*** Opening DATA SHOWN ***

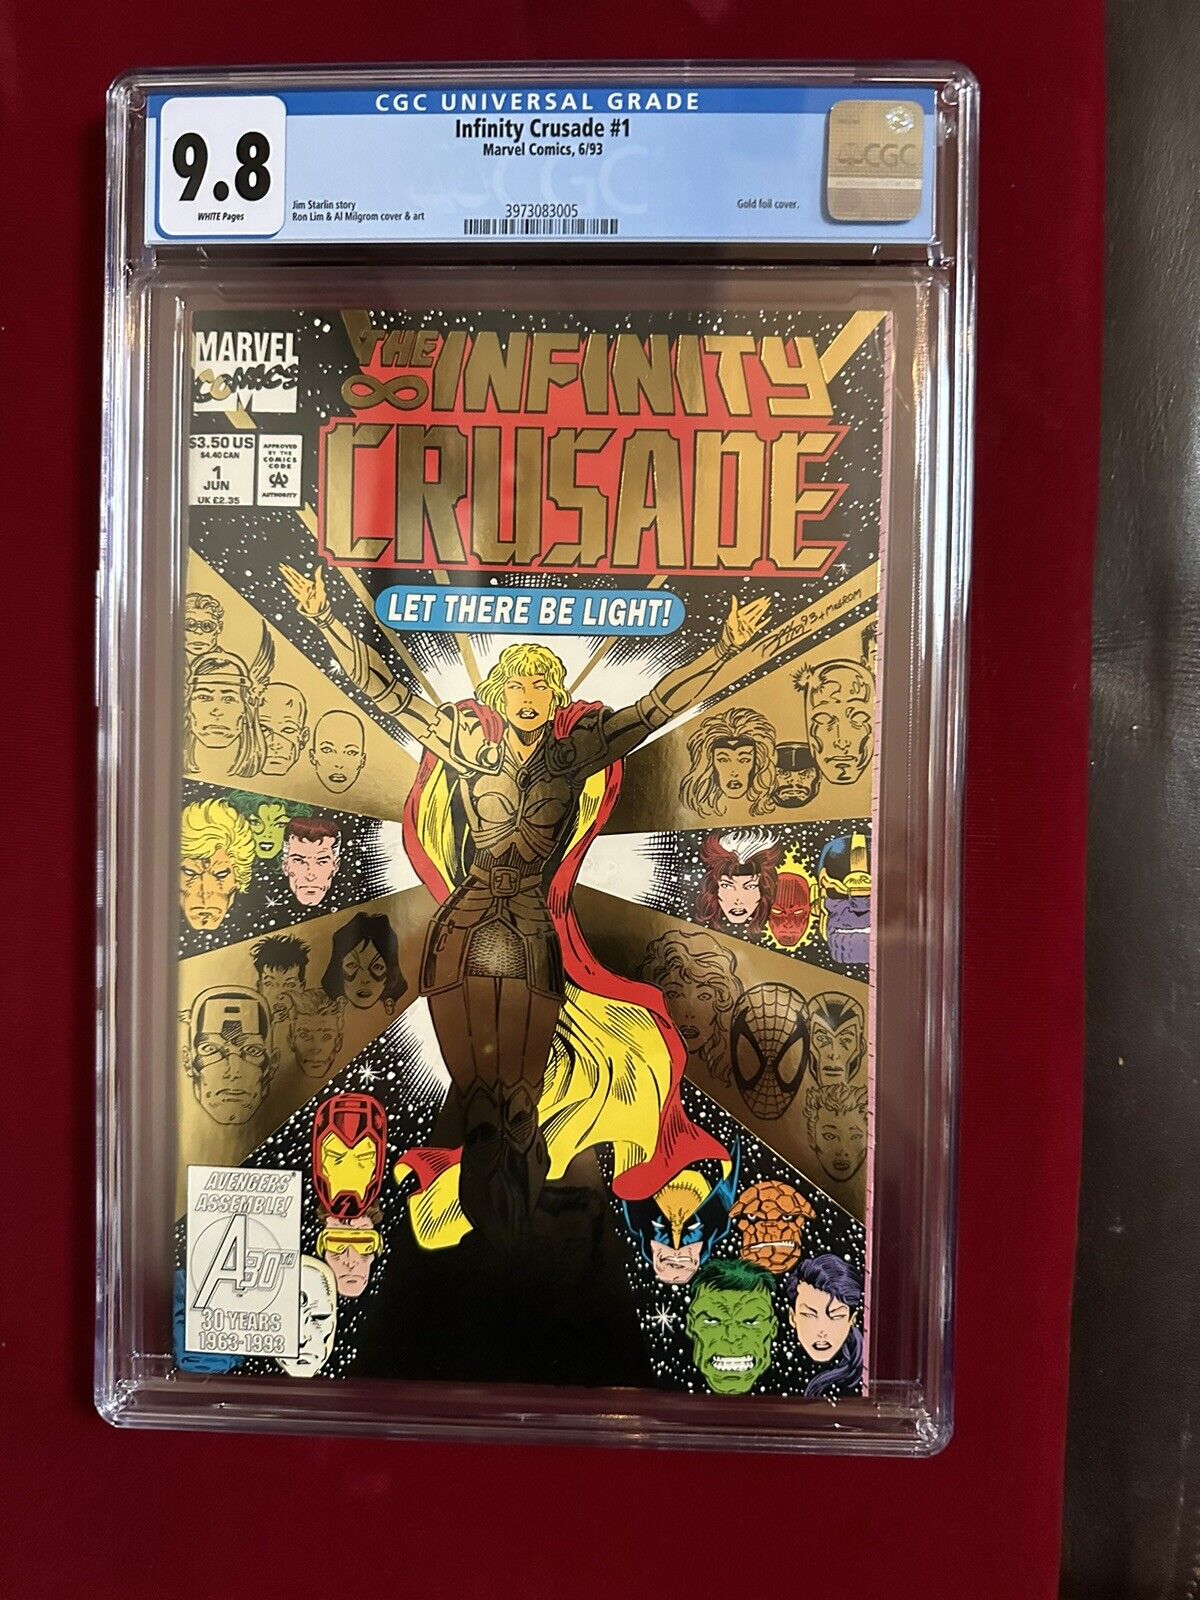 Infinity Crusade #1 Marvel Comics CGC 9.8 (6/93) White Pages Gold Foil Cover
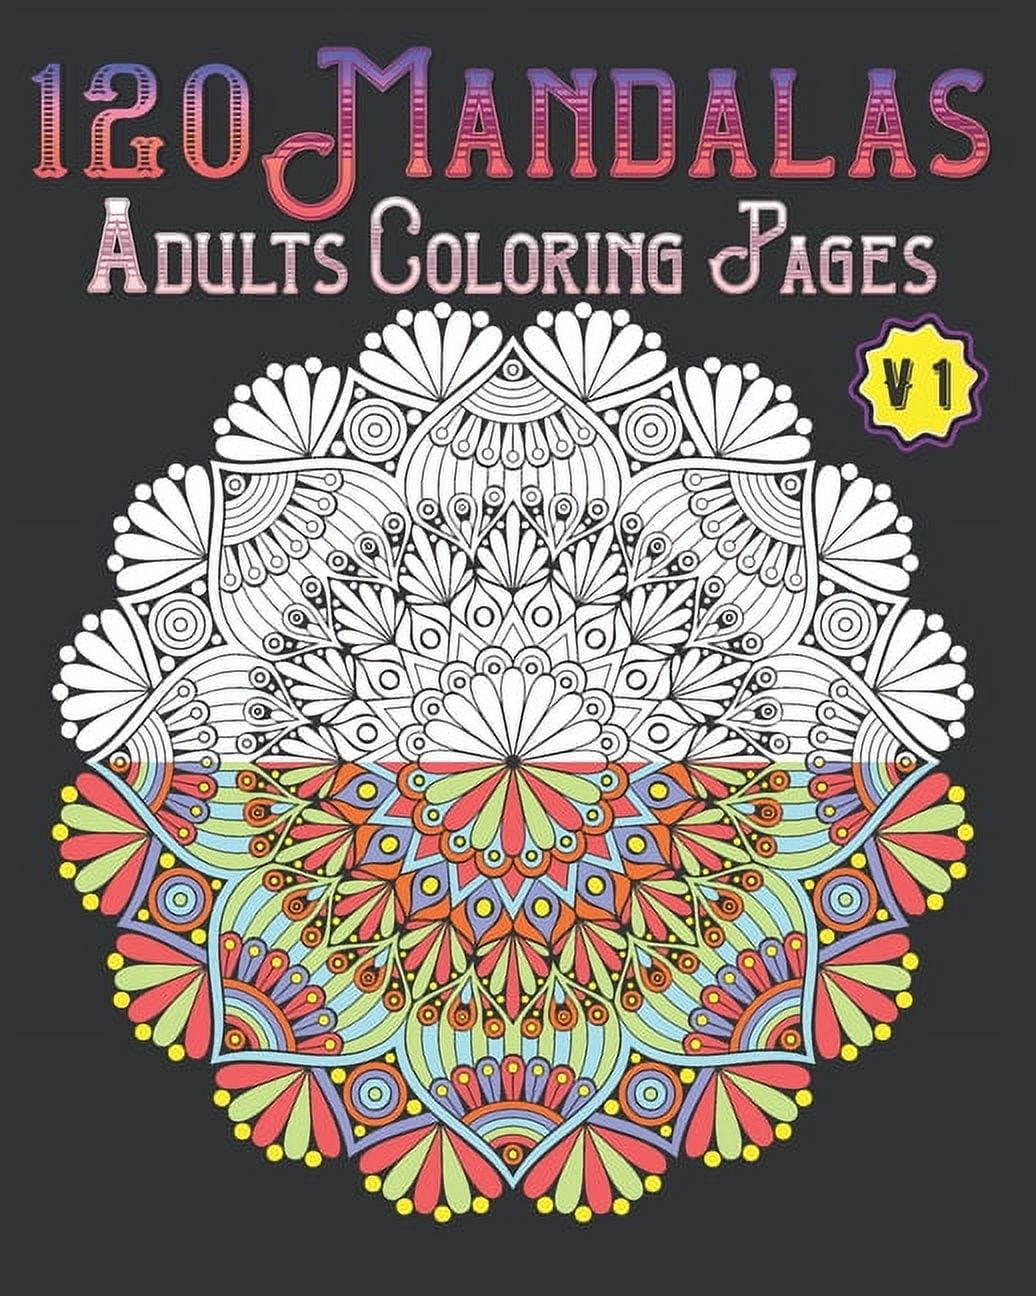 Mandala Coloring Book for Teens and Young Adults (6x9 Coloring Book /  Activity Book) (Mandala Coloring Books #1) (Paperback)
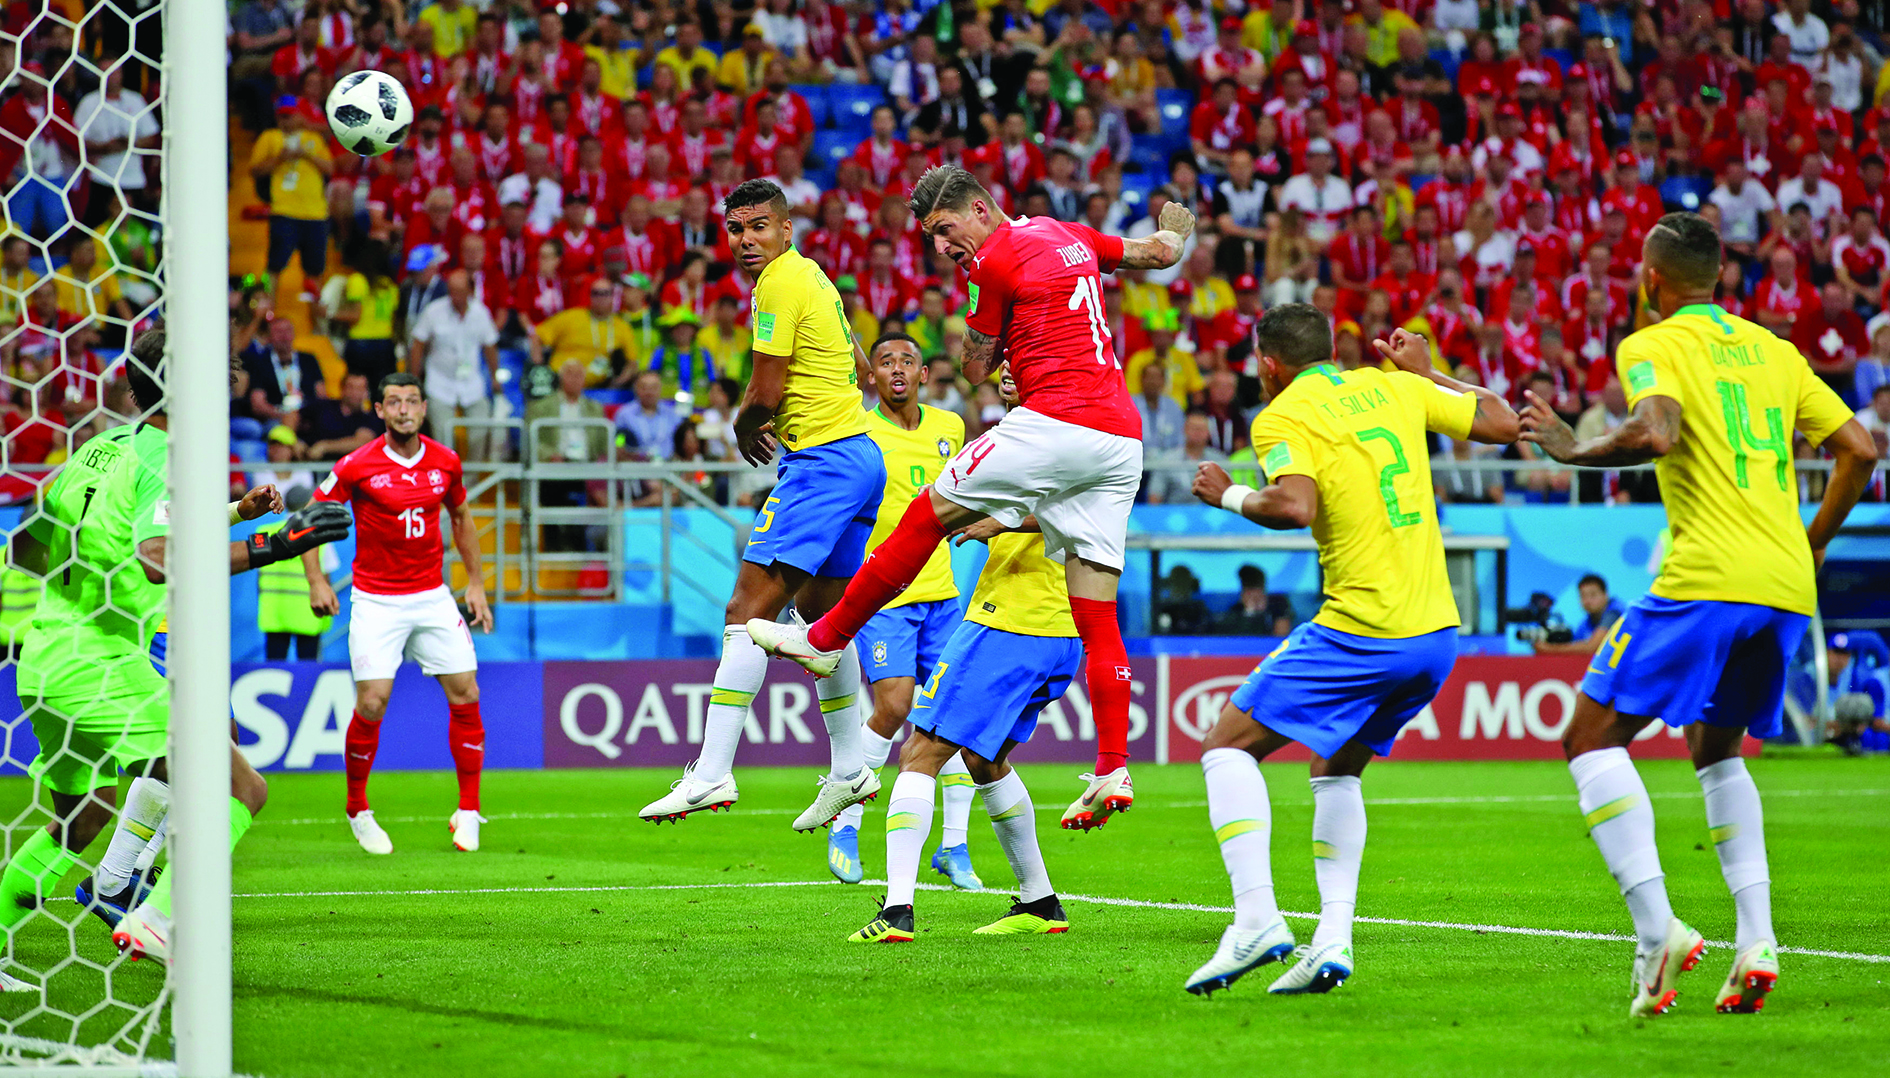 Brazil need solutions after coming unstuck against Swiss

*** Closing DATA SHOWN ***

WHAT THE TASK ASKS>
Repeat the lines above exactly, and keep every picture out.

SOLUTION TO THE EXERCISE>
 Infinity Crusade #1 Marvel Comics CGC 9.8 (6/93) White Pages Gold Foil Cover
 Mandala Coloring Book for Teens and Young Adults (6x9 Coloring Book /  Activity Book) (Mandala Coloring Books #1) (Paperback)
 Brazil need solutions after coming unstuck against Swiss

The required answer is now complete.